Consolidation, not development
In a prepared statement, Tom Rizk, chairman & founder of Rizk Ventures, noted that the self storage market “has very strong fundamentals, a compelling growth profile” and plenty of unconsolidated product, with about 50,000 stand-alone self storage facilities and roughly 30,000 smaller operators. Treadwell added that SpareBox is “involved in a number of discussions with other owner/operators to add quality properties to our portfolio.”
In the property type nationally, “transaction activity remains robust,” according to a market report from Newmark Knight Frank. “Brokers are reporting continued interest and capital flow into the self storage asset class,” the report explains. “The long term, steady cash flow characteristics and performance in dynamic (even recessionary) economic conditions indicate market sentiment that self storage is a safe haven, or a hedge against market turbulence.”

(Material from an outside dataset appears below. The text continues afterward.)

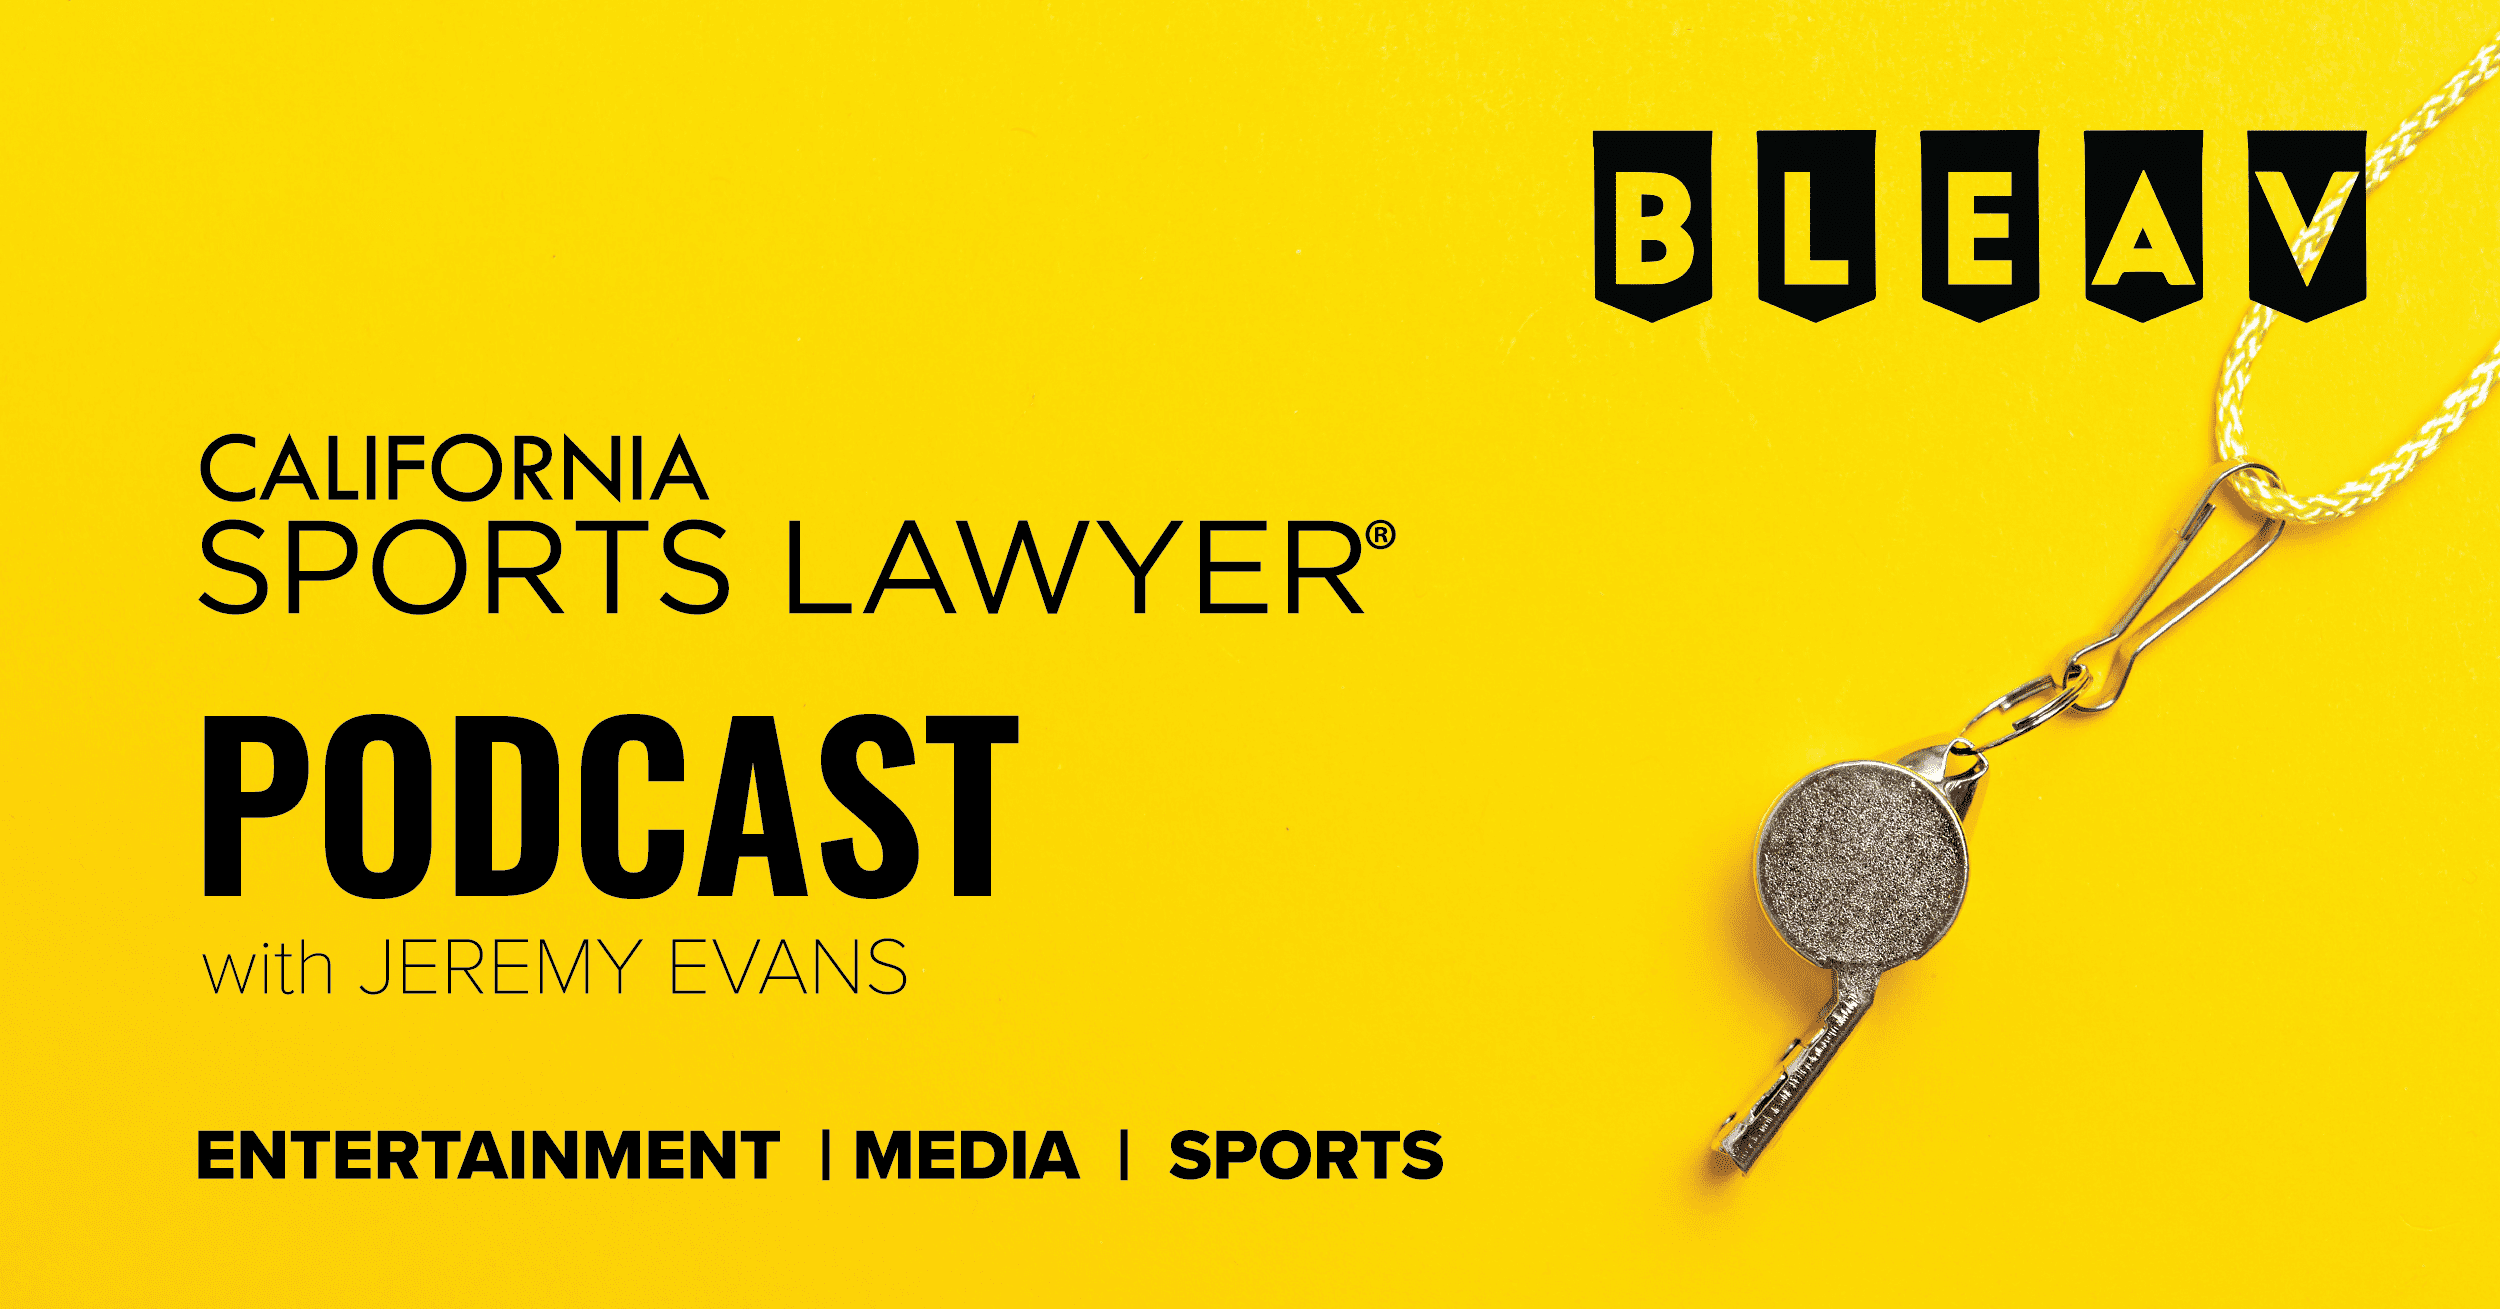 California Sports Lawyer® Podcast with Jeremy Evans: ESPN Looking for Growth with Sports Betting

In early July, Commercial Property Executive highlighted five secondary markets where more than 44 million square feet of self storage space was planned or under construction as of May: Augusta, Ga.; Providence, R.I.; Knoxville, Tenn.; Rochester, N.Y.; and Worcester-Springfield, Mass.
And the previous week, Nathan McElmurry of InSite Property Group laid out some of the possibilities of how the coronavirus pandemic could challenge the self storage sector, which he contended was already overbuilt before COVID-19.